Birds Use Scare Tactics to Woo Mates


A male (left) and female (right) splendid fairy-wren in Australia. Photo by Mitchell Walters

 
The trick is as old as the movies: Take your date to a horror flick, then wait until she gets a fright and she’ll snuggle in close. This “scary movie effect” may also be a strategy some birds use to get lucky, researchers report in the journal Behavioral Ecology.

Splendid fairy-wrens form lifelong pairs, but they’re hugely promiscuous. They mate almost exclusively outside their partnerships.

While studying their complex behavior in Australia, researchers noticed that males don’t fly off when a predator or threat appears. Instead, they immediately sing a distinct call, the “Type II song.” Despite its drab moniker, the song seems to turn nearby females’ heads.

To test the response, Stephen Pruett-Jones, a University of Chicago ecologist, and Emma Greig, now a postdoctoral researcher at Cornell University, played three songs in various combinations at the Brookfield Conservation Park in South Australia: a predator’s song (the butcherbird); fairy-wren territory calls; and Type II song.

Females strongest response was to the butcherbird-Type II combo. They looked in the direction of the call and sang in response.

“It seems that male fairy-wrens may be singing when they know they will have an attentive audience, and, based on the response of females, this strategy may actually work,” says Greig. “The most exciting possibility is that Type II songs have a sexual function, and that females are more easily stimulated by, or receptive to, displays after being alerted by a predator, such that the male’s song is especially attractive.”

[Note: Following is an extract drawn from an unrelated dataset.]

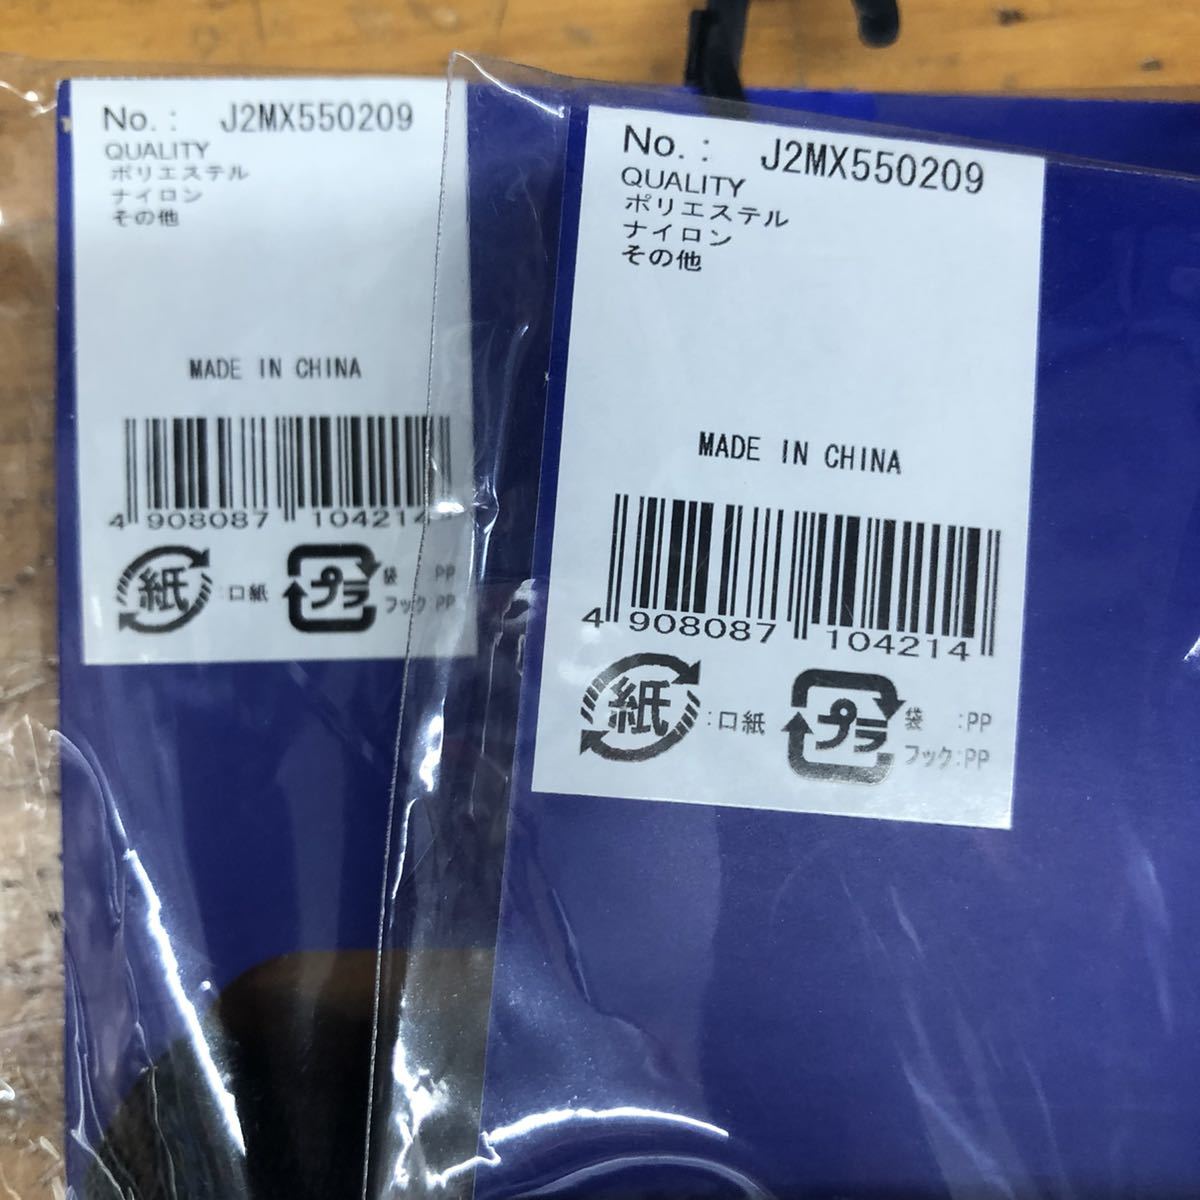 25.26.27cm обычная цена 3740 иен 2 пар комплект Mizuno 2P носки носки черный чёрный бег скольжение прекращение спорт мужской наземный

Greig and Pruett-Jones looked for other explanations. Perhaps males were signaling their physical—and reproductive—fitness by intentionally putting themselves in danger. But they found no difference in males that sang Type II songs after the predator call.

Now, Craig is back in Australia, investigating whether other avian species employ the scary movie effect as a mating strategy. (Click here for “The Original Oz”, features editor Rene Ebersole’s story about birding in Australia’s Northern Territory.)

I’ll be interested to see what she finds out. In the meantime, I've got some anecdotal evidence that points to the scary movie effect working for both sexes when it comes to humans. While viewing “The Others,” starring Nicole Kidman, at a theater several years ago, my date was startled so badly that he half jumped into my lap.